В данный момент наша история простирается примерно до семнадцатого октября тысяча девятьсот сорок шестого года. В тот день живы наши предки: бабушки, которых сегодня помнят старики, дремлют в креслах-качалках, не зная, что позади у них всего несколько часов жизни. На стенах видны следы от снарядов после войны, которой никогда не было. Работают монетные дворы, чеканя монеты, которые у нас лежат в коробочках на блошиных рынках. Днем раньше солнце встает над совершенно иным миром.
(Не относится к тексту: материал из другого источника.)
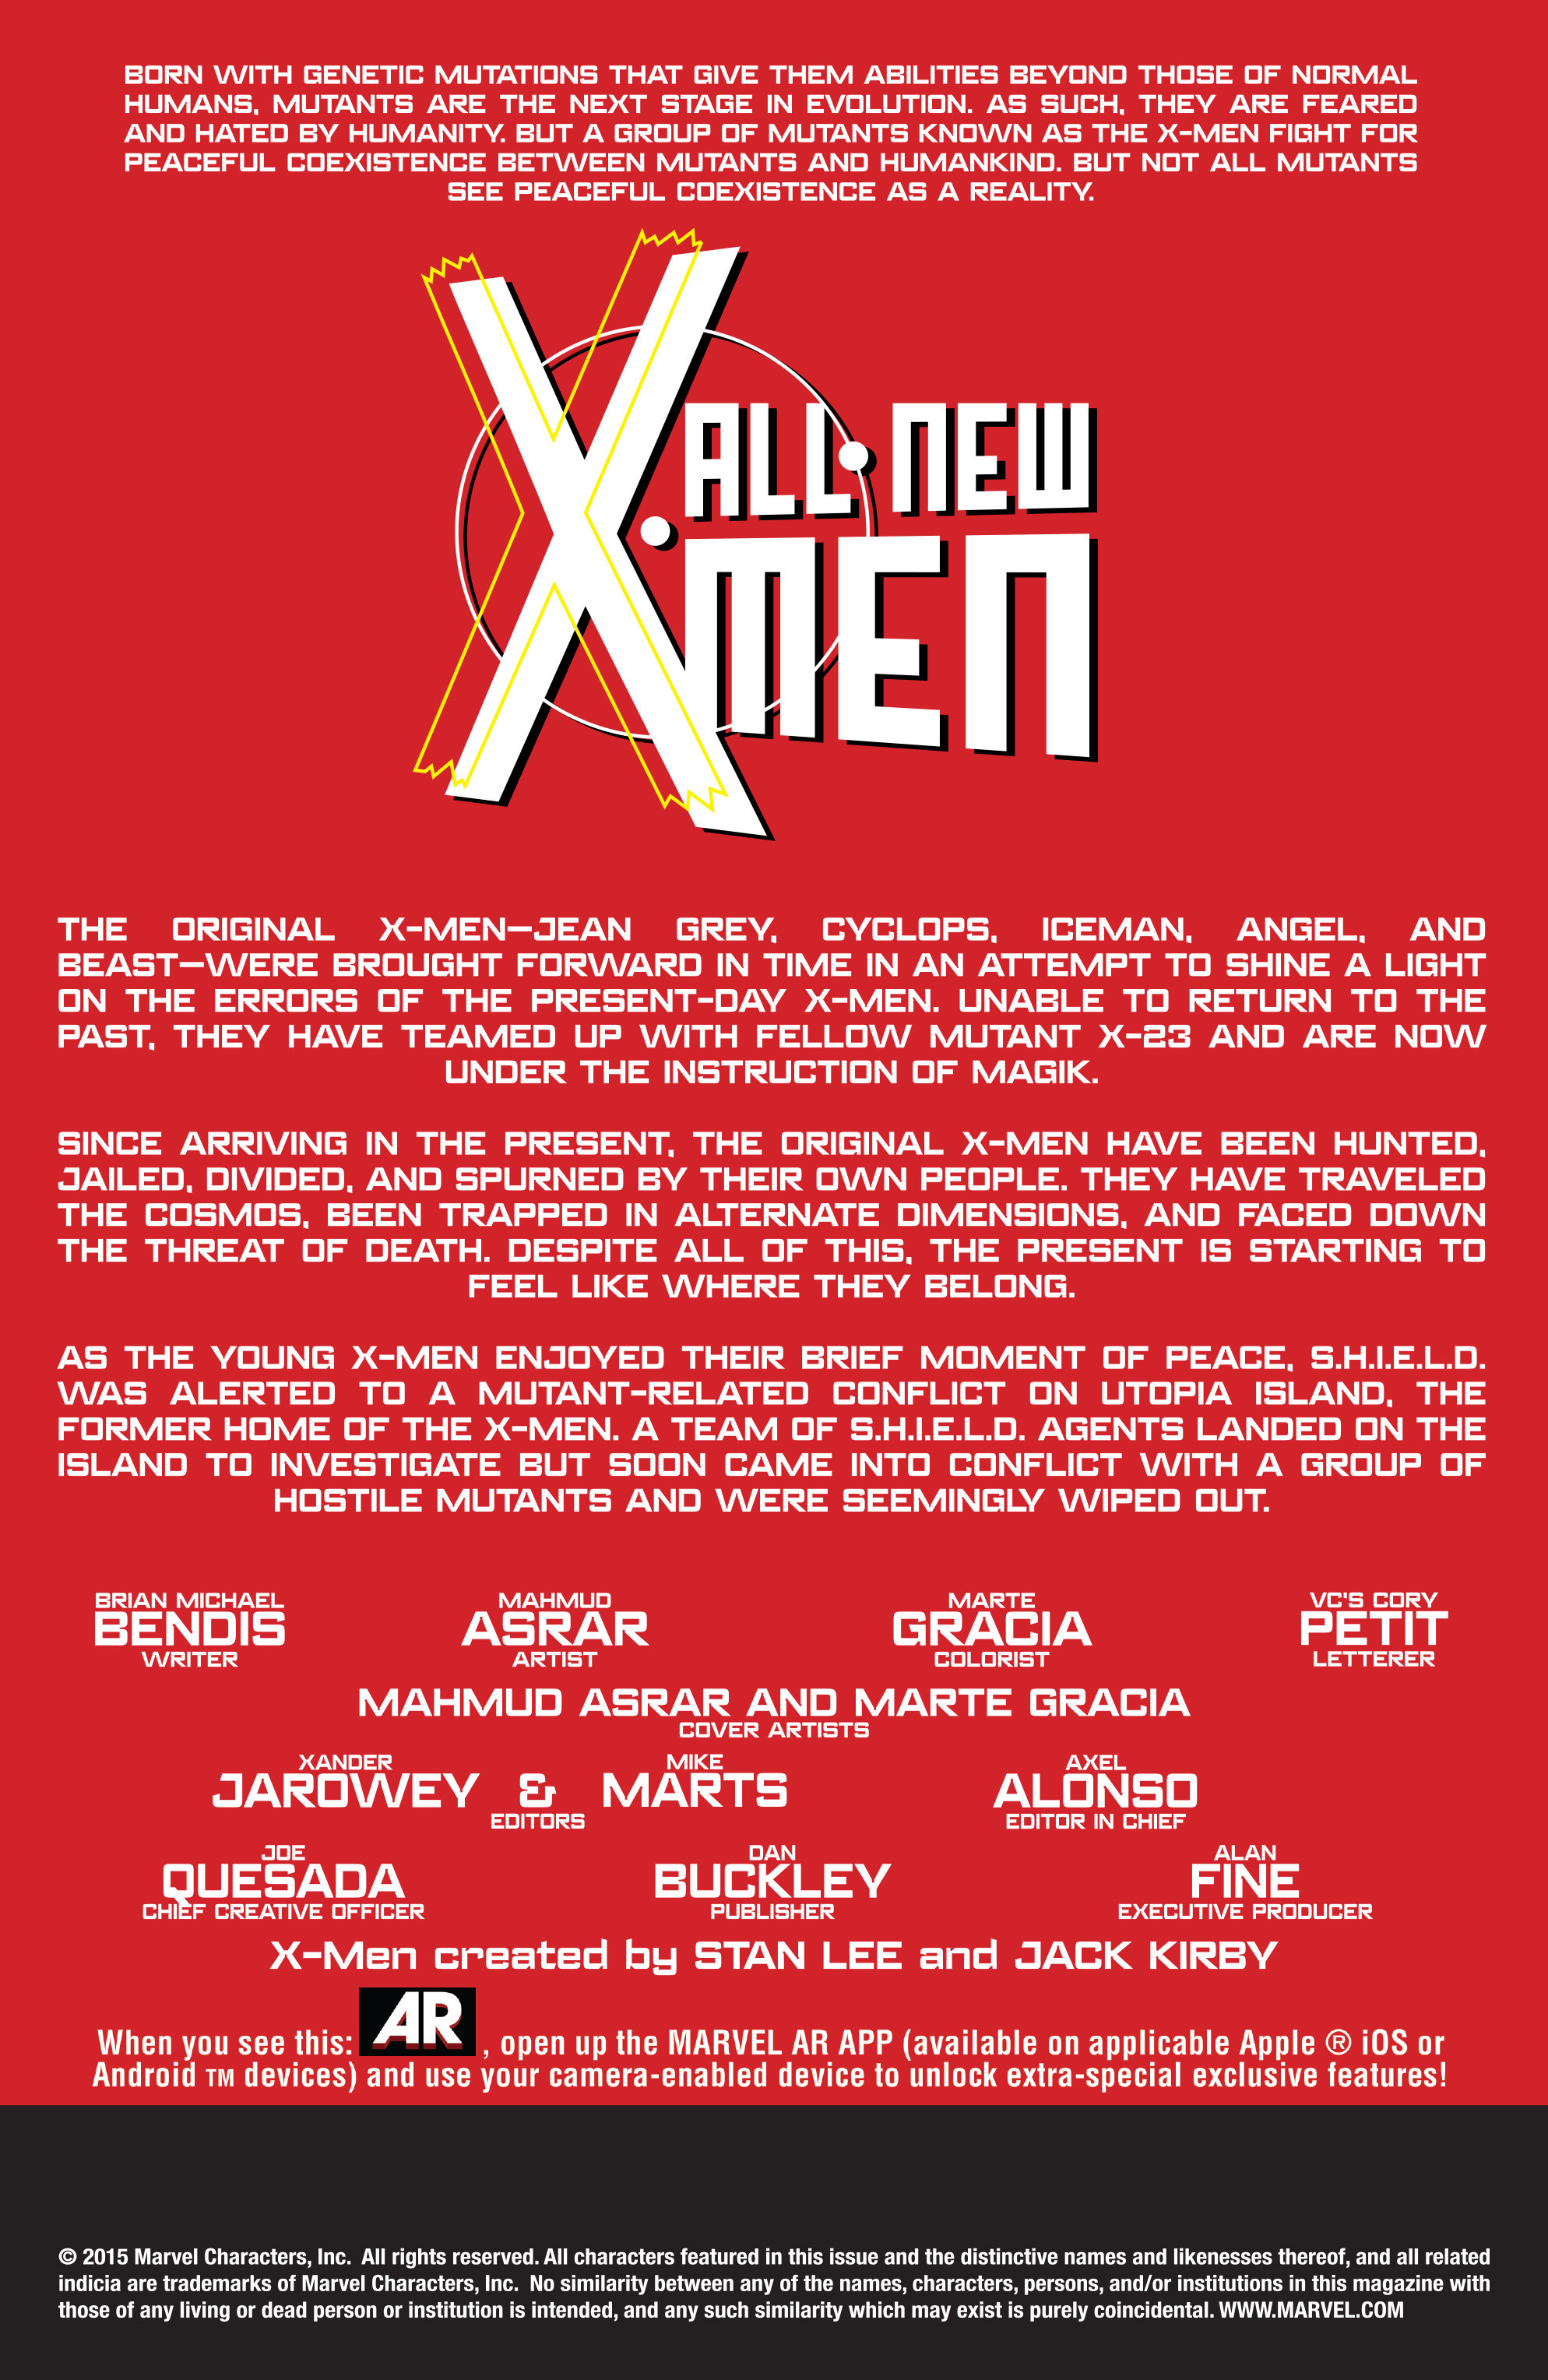 All-New X-Men (2013) chap 41 pic 2

Миром, который пожирает наш со скоростью два дня за день, продолжая ускоряться.
Ваш мир, ваша история пожирают нашу.
Время должно быть непрерывным. Последовательность событий и так далее. Но не в этот день. Не в октябре тысяча девятьсот сорок шестого года. С каждой секундой реальность превращается в совершенно иную. Мир, в котором двадцатый век выглядит как гибрид Верна и Конана Дойла с немалой примесью Гашека, внезапно превращается в мир Трумэна и старика Сосо, в Европу, разрушенную Второй мировой войной, тогда как на самом деле не было даже Первой… И не спрашивайте меня, что помнят наши старики. Черт их знает, что они помнят. Наверняка то прошлое, которое существовало, пока было настоящим, но на оси времени сменилось другим. Просто, да?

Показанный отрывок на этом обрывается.